Невозможно общаться с людьми, которые не испытали этого с неопределенной угрозой полного рационализма.
Знаете ли вы, как это, когда кто -то внезапно просыпается ночью и спрашивает, слушая стучащее сердце: что еще вы хотите, ненасытный?
Забудьте о страданиях, которые вы причинили другим. Забудьте о страданиях, которые причинили вам другие. Воды бегают и бегают, источны и готовы, вы ходите по земле, которую забываете. Иногда вы слышите далекий рефрен. Что это значит, спросите вы, кто поет? Детское солнце согревается. Внук и правнук родились. Вас еще раз возглавляют руку. Имена рек остаются с вами. Как кажется эти реки! Ваши поля лежат, городские башни не так, как они были. Вы стоите на пороговом матте.
Когда писатель родился в семье, семья закончена.
Вульгарное знание характерно порождает ощущение, что все понятно и объяснено. Это похоже на систему мостов, построенных на протяжении пропасти. Можно смело перемещаться через эти мосты, игнорируя пропасть. Запрещено смотреть на них свысока; Но это, увы, не изменяет тот факт, что они существуют.
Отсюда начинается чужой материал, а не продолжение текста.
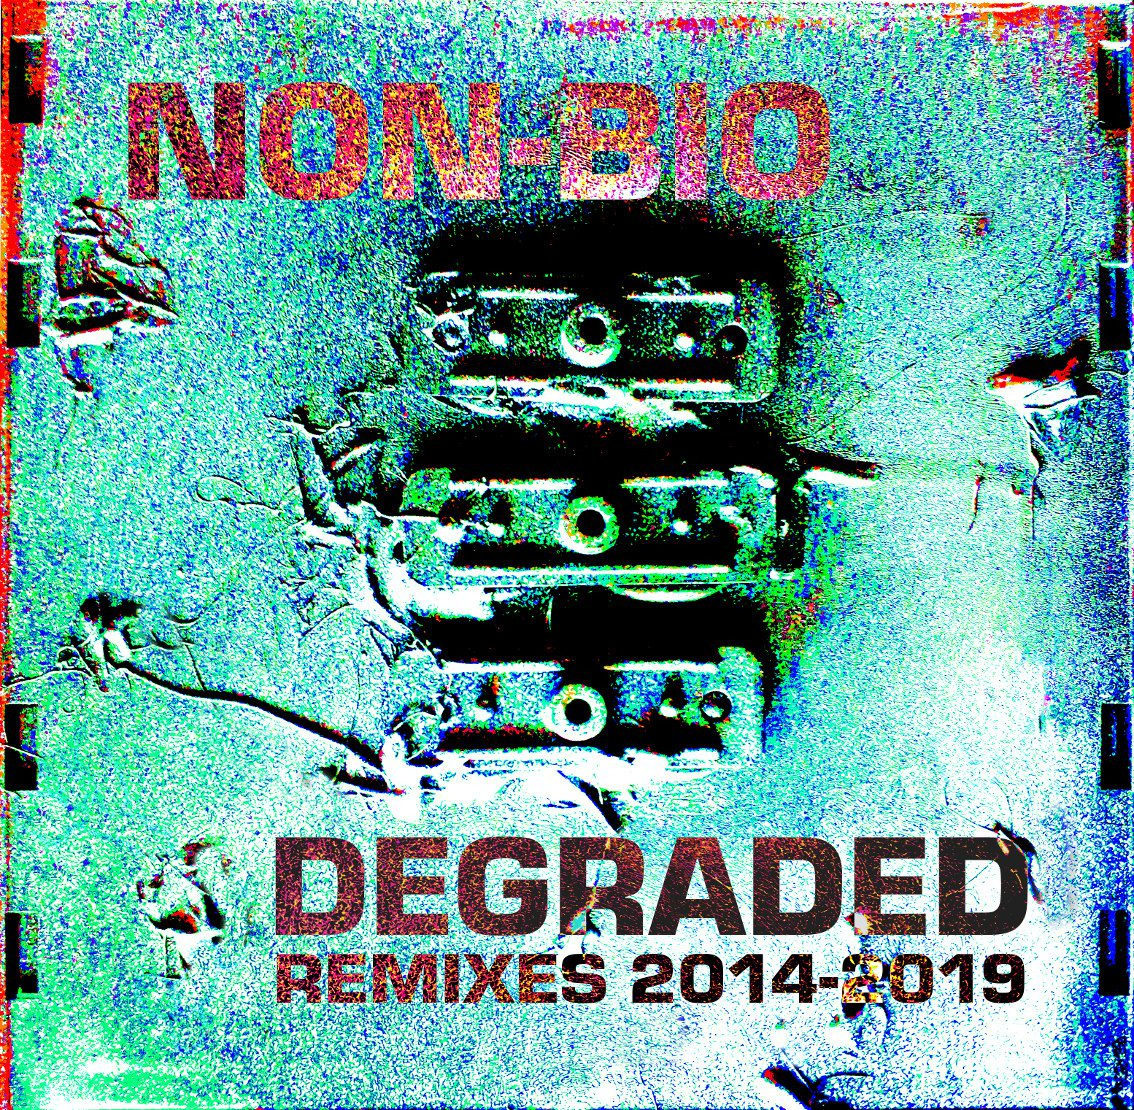 Non-Bio releases remix album 'Degraded - Remixes 2014-2019'

Не приятно сдаться гегемонии нации, которая все еще является дикой и примитивной, и признать абсолютное превосходство ее обычаев и учреждений, науки и техники, литературы и искусства. Должен ли он такой пожертвовать во имя единства человечества?
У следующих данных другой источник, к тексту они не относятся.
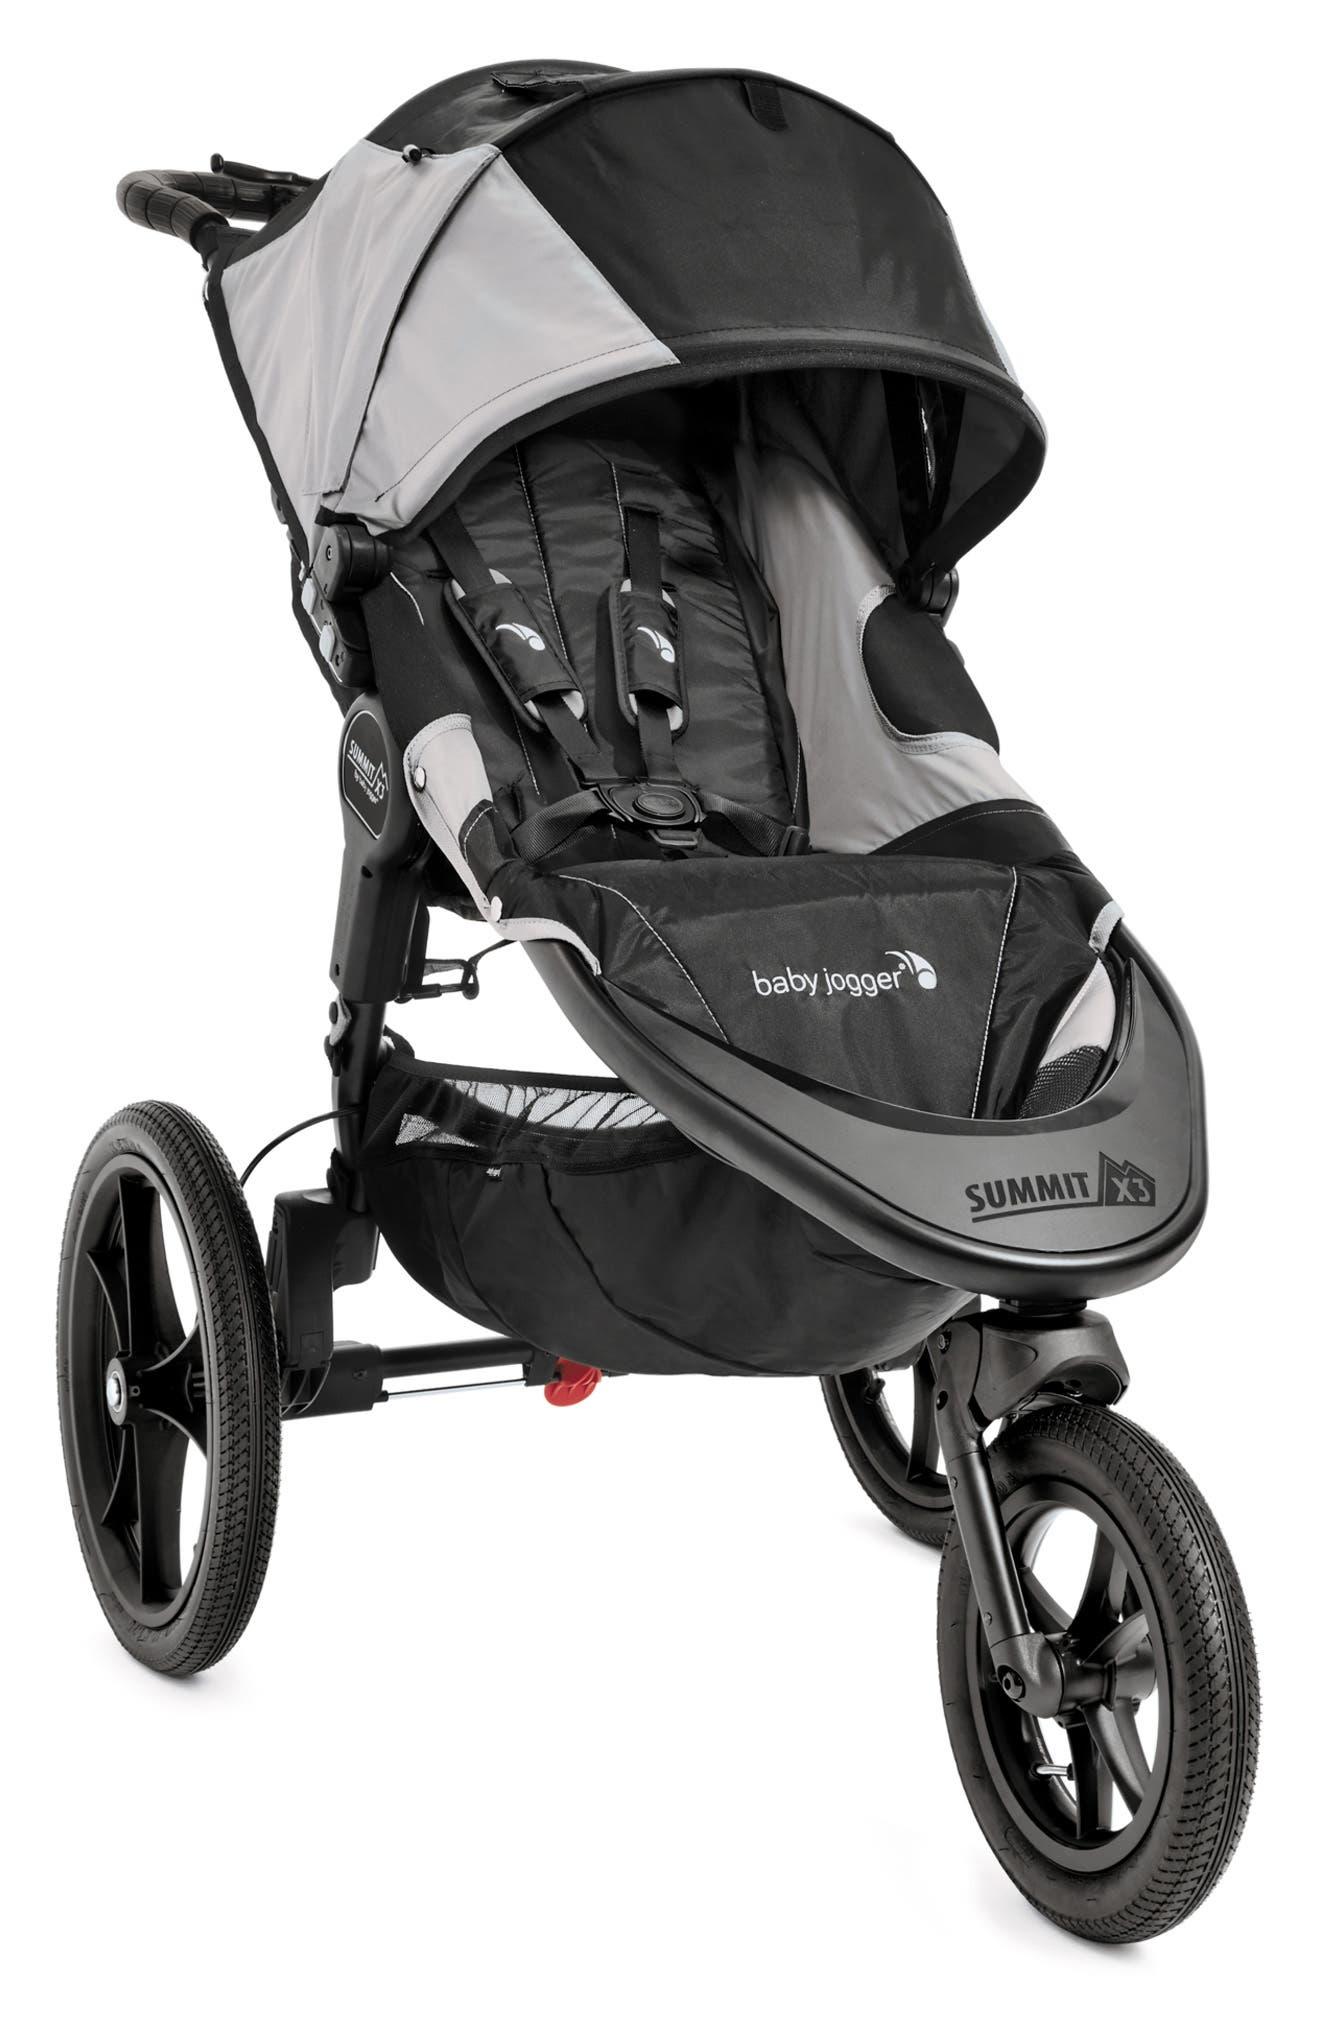 Baby Jogger Summit X3 Single Jogging Stroller & Weather Shield

И все же влюбленность - это не то же самое, что любить.
Учимся верить, что вы великолепны. И постепенно обнаружить, что вы не великолепны. Достаточно труда для одной человеческой жизни.
Я определил поэзию как «страстное стремление к реальному».
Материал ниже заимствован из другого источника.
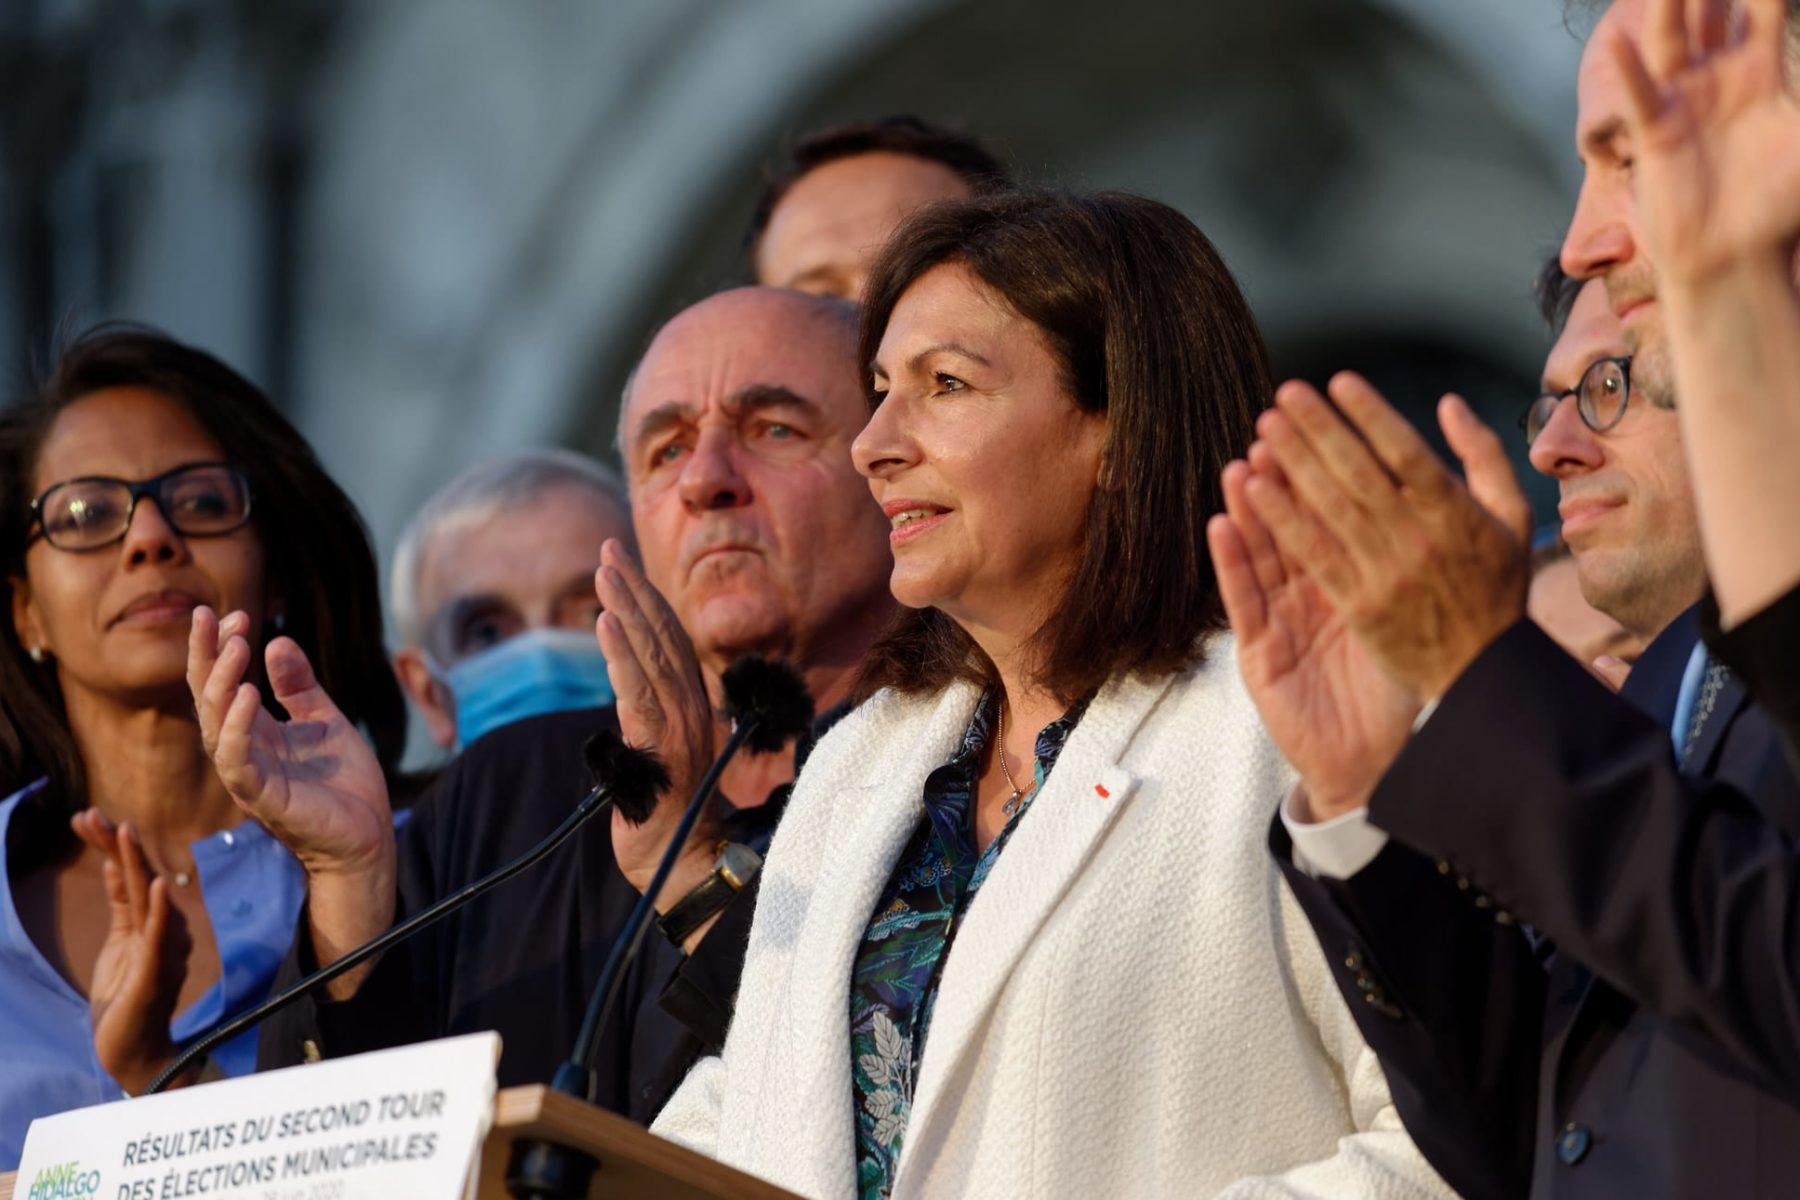 Paris Mayor Anne Hidalgo stands at a podium.

Только к середине двадцатого века жители многих европейских стран пришли, в целом неприятно, к осознанию того, что на их судьбу можно напрямую влиять сложные и заумные книги философии.
В тот день, когда мир заканчивает пчелиные круги клевером, рыбак считывает мерцающую сеть.
Утешение успокаивается. Как ваши грехи, так и ваши добрые дела будут потеряны в забвении.
Я состоит из противоречий, поэтому поэзия для меня лучше, чем философия
Восстание против окружающей среды обычно является «позором» окружающей среды.
Я остался позади с огромной существующей вещей. Губка, страдая, потому что она не может насытить себя; Река, страдающая, потому что отражения облаков и деревьев не являются облаками и деревьями.
Ирония - это слава рабов.
Вы видите, как я пытаюсь достичь словами, что важно и как я терплю неудачу.
Смерть человека похожа на падение могучей нации, в которой были доблестные армии, капитаны и пророки, а также богатые порты и корабли по всему морю.
Вырасти свое дерево лжи из небольшого зерна истины.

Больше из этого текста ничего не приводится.